FIG. 1 is a perspective view showing an example of the appearance of an interrogator of a wireless data collection device according to the present invention.

FIG. 2 is a plan view showing details of antennas 4 and 5;

FIG. 3 is a partial block diagram showing an example of a configuration for matching a detector with an antenna 8;

FIG. 4 is a configuration block diagram illustrating an example of a conventional wireless data collection device.

FIG. 5 is a plan view showing an example of a conventional microstrip antenna.

[Explanation of symbols]

 Reference Signs List 1 oscillator 2 distributor 3, 11 modulation circuit 4, 5, 8 antenna 6 demodulation circuit 7 display 9 detector 10 control circuit 12 sensor circuit 13, 20 antenna patch 14, 23 ground pattern 15 substrate 16 through hole 17, 24 Point 18 Input means 19 Housing 21, 22 Microstrip line 25 Matching means 50 Interrogator 51 Transponder

Claims (4)

[Claims] 1. A wireless data collection device comprising: an interrogator; and a transponder which modulates an interrogation wave from the interrogator based on data and reflects it as a response wave, wherein the radio data collection device is formed on a housing of the interrogator. Antenna patch, a feed point to which a transmission signal is applied, and a microstrip line formed on the interrogator housing and connecting the antenna patch and the feed point. A wireless data collection device, characterized in that: 2. A wireless data collection device comprising: an interrogator; and a transponder which modulates an interrogation wave from the interrogator based on data and reflects it as a response wave, wherein the radio data collection device is formed on a housing of the transponder.
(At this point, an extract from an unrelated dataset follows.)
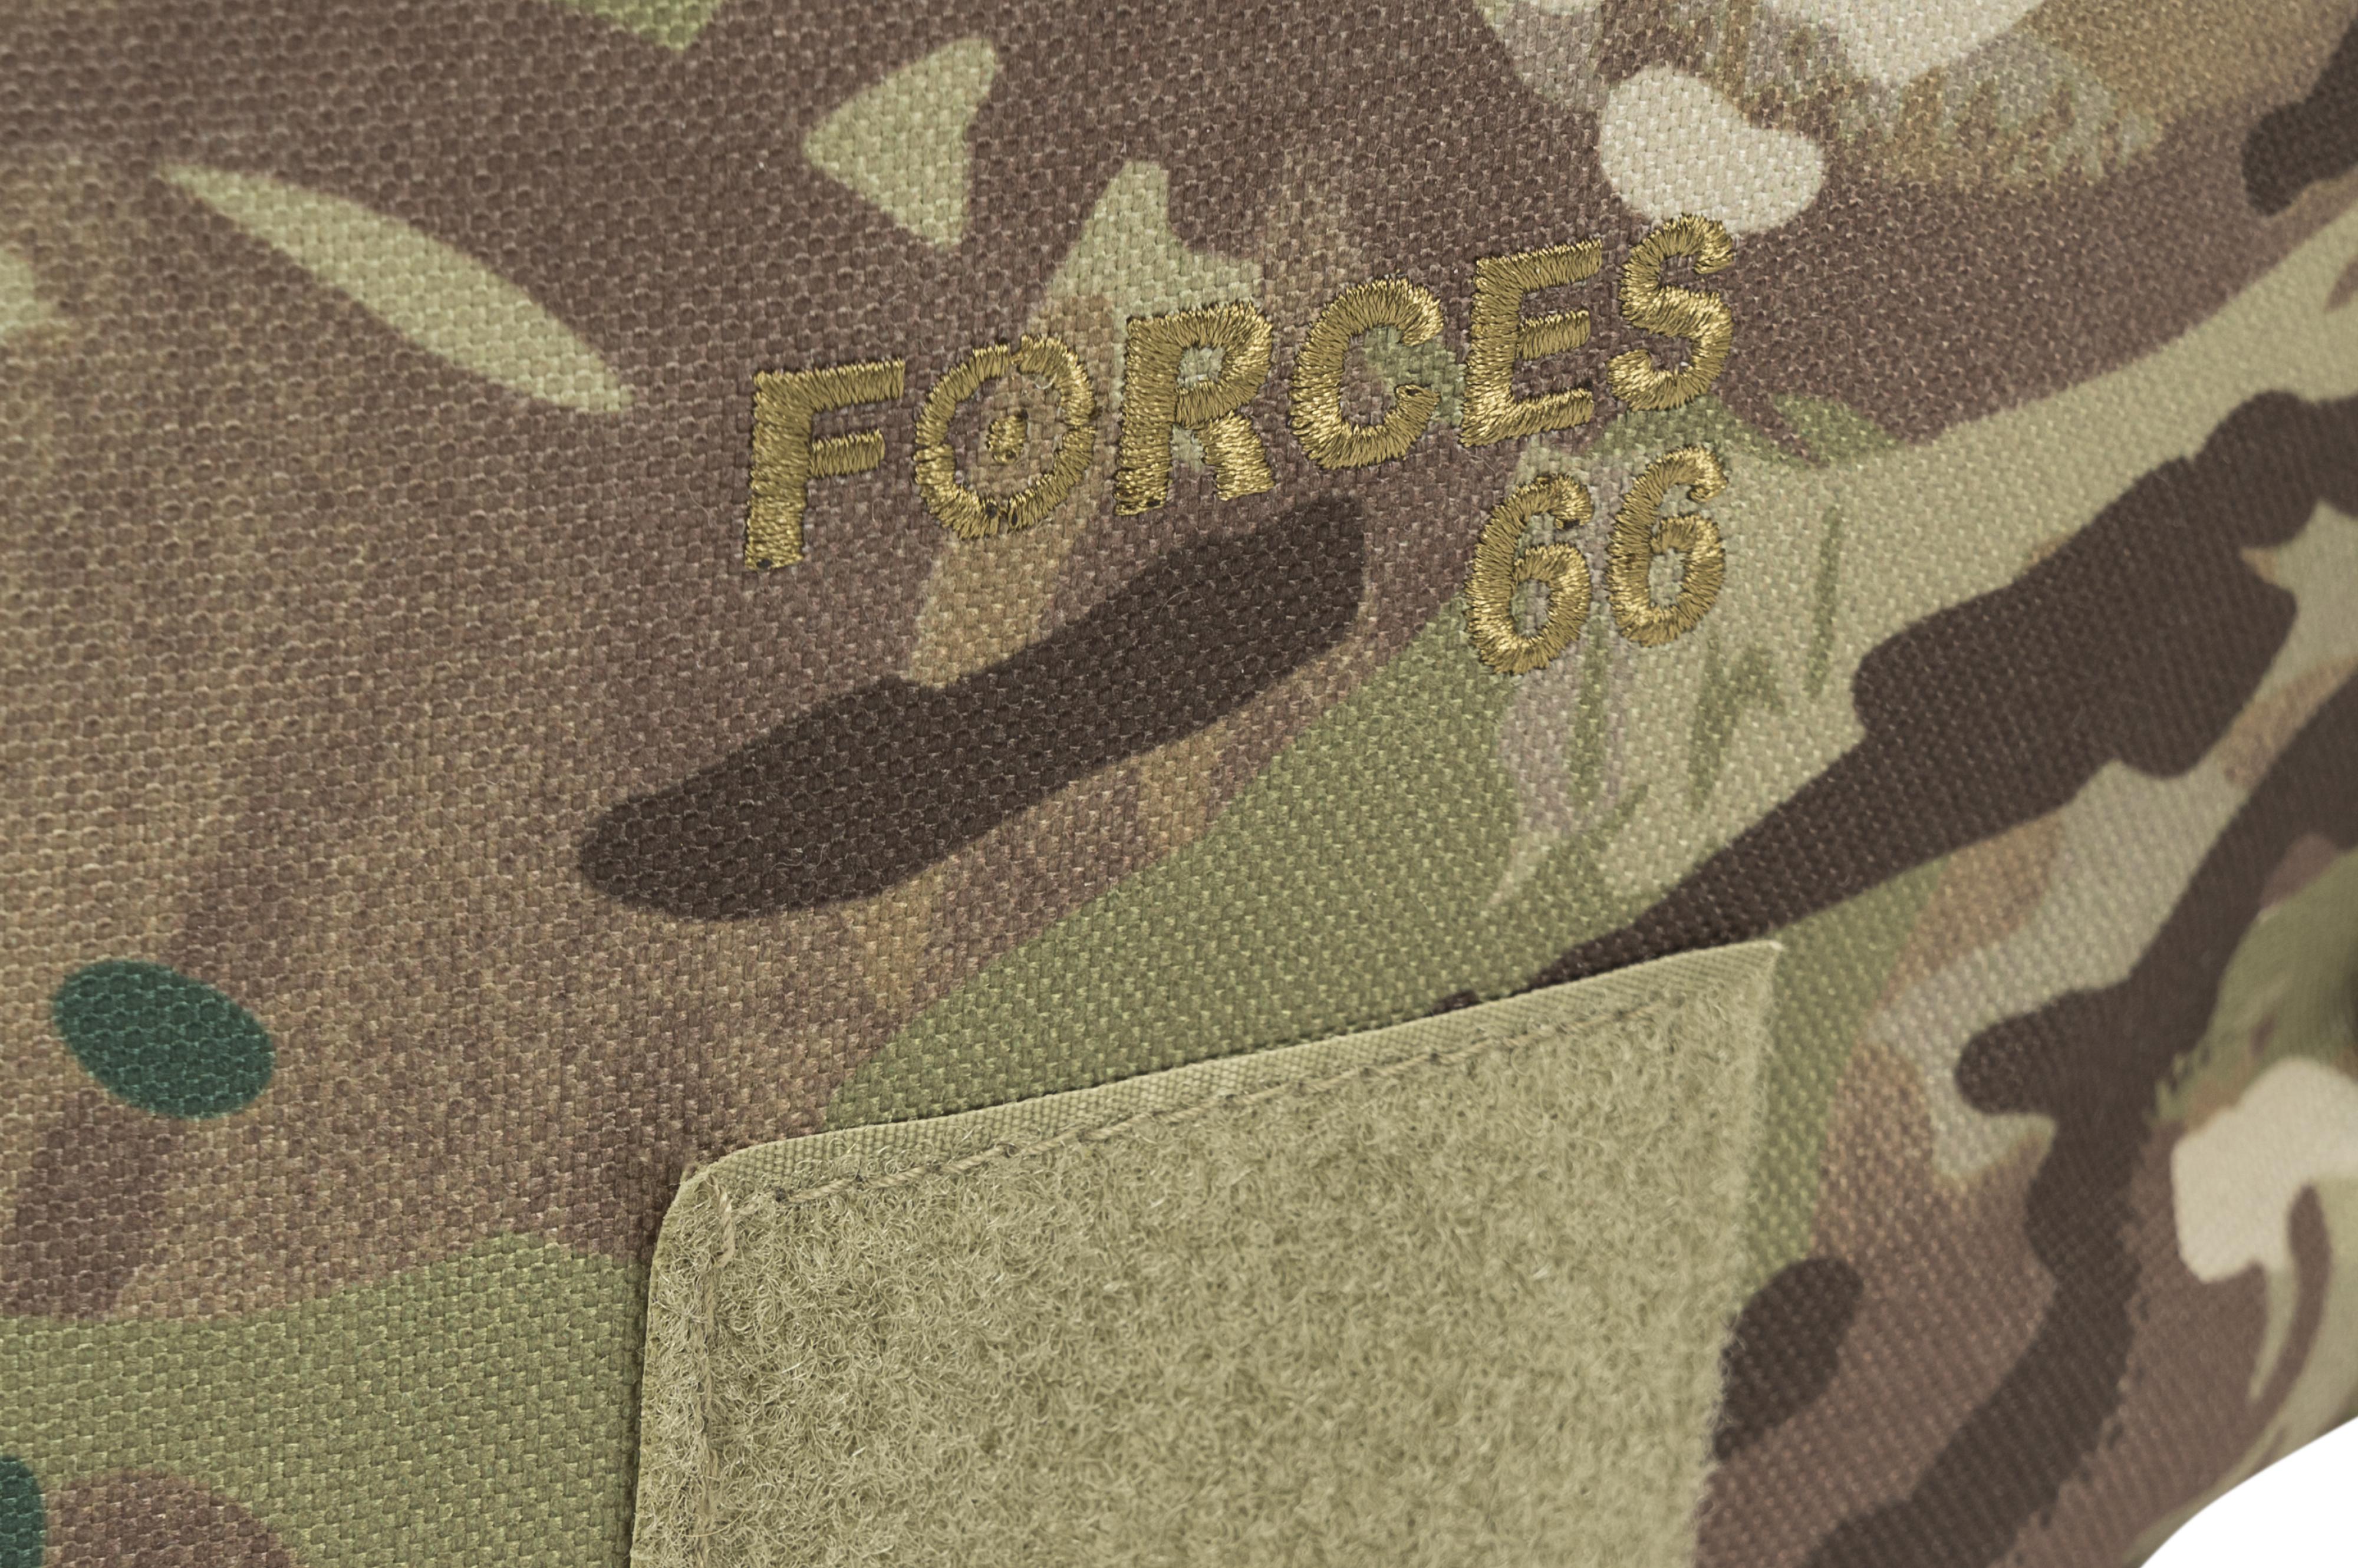 Forces 66

Antenna patch, a feed point to which a transmission signal is applied, and a microstrip line formed on the housing of the transponder and connecting between the antenna patch and the feed point. A wireless data collection device, characterized in that: 3. The apparatus according to claim 1, wherein matching means is formed on a housing of said transponder, and a detector and an antenna constituting said transponder are matched with each other. Wireless data collection device. 4. The wireless data collection device according to claim 1, wherein the antenna formed on the housing of the interrogator has a function of a circular, elliptical, or linearly polarized antenna.